Throughout his career, Lemmon often appeared in films alongside actor Walter Matthau. They would go on to be one of the most beloved duos in cinema history. Among their pairings was as Felix Unger (Lemmon) and Oscar Madison (Matthau) in the 1968 film, The Odd Couple. They also starred together in The Fortune Cookie (for which Matthau won an Oscar for Best Supporting Actor), The Front Page, and Buddy Buddy. In 1971, Lemmon directed Matthau in the comedy Kotch. It was the only movie that Lemmon ever directed, and Matthau was nominated for the Best Actor Oscar for his performance. Additionally, Lemmon and Matthau had small parts in Oliver Stone's 1991 film, JFK (the only film in which they both appear, but share no screentime). In 1993, the duo teamed up again to star in Grumpy Old Men. The film was a surprise hit, earning the two actors a new generation of young fans. During the rest of the decade, they would go on to star together in Out to Sea, Grumpier Old Men and the widely-panned The Odd Couple II. The only death scene that Lemmon performed was in The China Syndrome in 1979. For this part, he was awarded Best Actor at the Cannes Film Festival. In 1982, he won another Cannes award for his performance in Missing (which also received the Palme d'Or). He is currently the only actor other than Marcello Mastroianni to have won it twice.

At the 1998 Golden Globe Awards, he was nominated for "Best Actor in a Made for TV Movie" for his role in Twelve Angry Men. He lost the award to Ving Rhames. After accepting the award, Rhames asked Lemmon to come onstage and in a move that stunned the audience, gave his award to him.

Lemmon was one of the best-liked actors in Hollywood. He is remembered as making time for people, as the actor Kevin Spacey recalled in a tribute. When already regarded as a legend, he met the teenage Spacey backstage after a theater performance and spoke to him about pursuing an acting career. Spacey would later work with Lemmon in the critically acclaimed film Glengarry Glen Ross (1992), and on stage in a revival of Long Day's Journey Into Night.
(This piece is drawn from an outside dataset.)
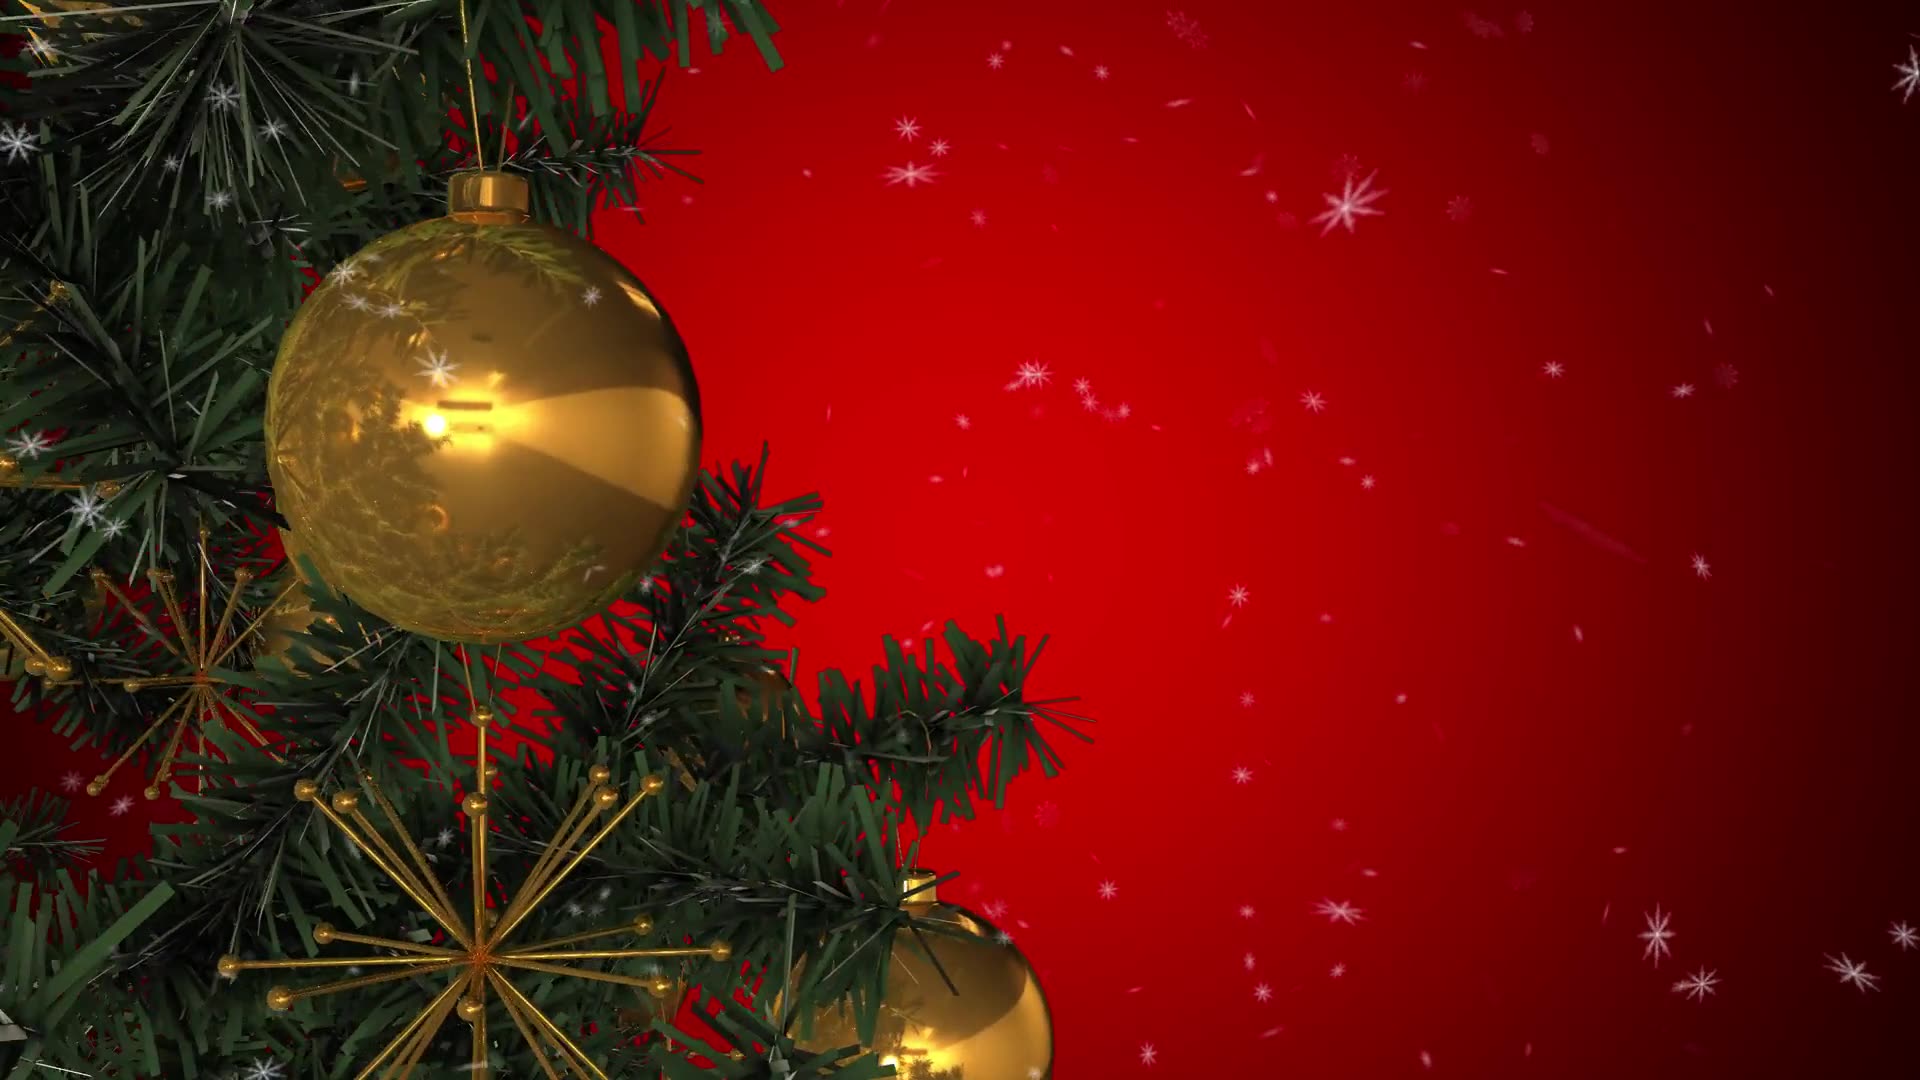 Rotating Christmas Tree Videohive 22935986 Motion Graphics Image 2
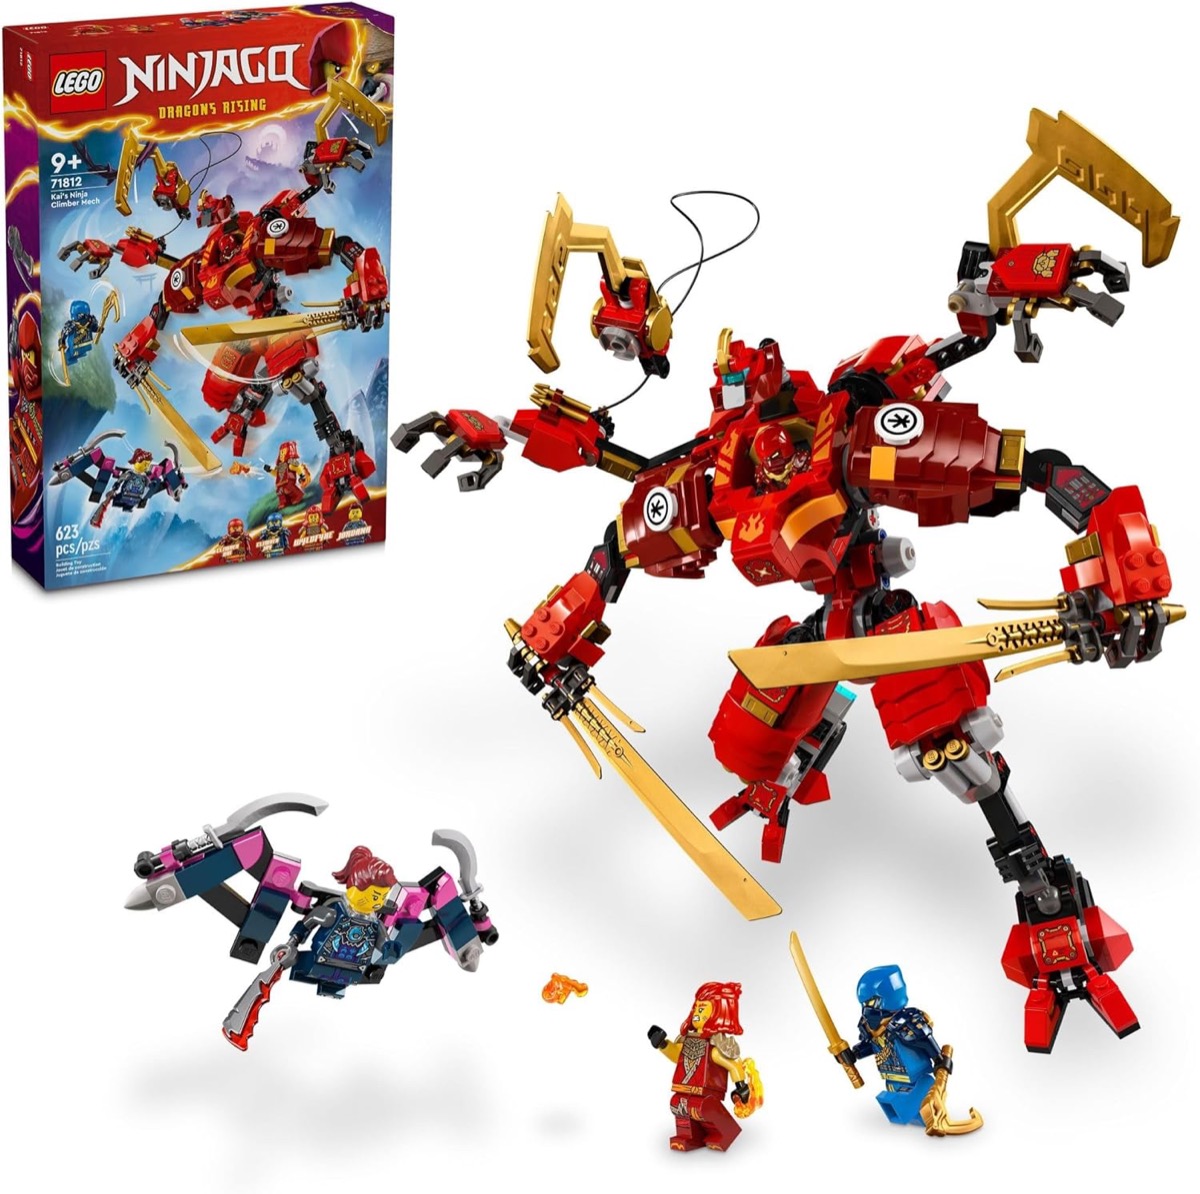 LEGO model of Kai’s Ninja Climber from "Ninjago"

Lemmon's performance even inspired Gil Gunderson, a character on The Simpsons that is modeled on Lemmon's character in the film.

When Lemmon won Best Actor for Save the Tiger, many people had expected Al Pacino to win for his performance in Serpico. Many years later, however, Pacino said that he was glad that Lemmon had won, because he (Pacino) was strung out on drugs that night and wouldn't have been able to have accepted the award. Lemmon and Pacino co-starred in Glengarry Glen Ross.

Jack Lemmon died of colon cancer and metastatic cancer of the bladder[4] on June 27, 2001. He had been fighting the disease, very privately, for two years before his death.

He is interred at the Westwood Village Memorial Park Cemetery, Westwood, Los Angeles, California, where he is buried next to Walter Matthau. In typical Jack Lemmon wit, his gravestone simply reads 'Jack Lemmon — in'.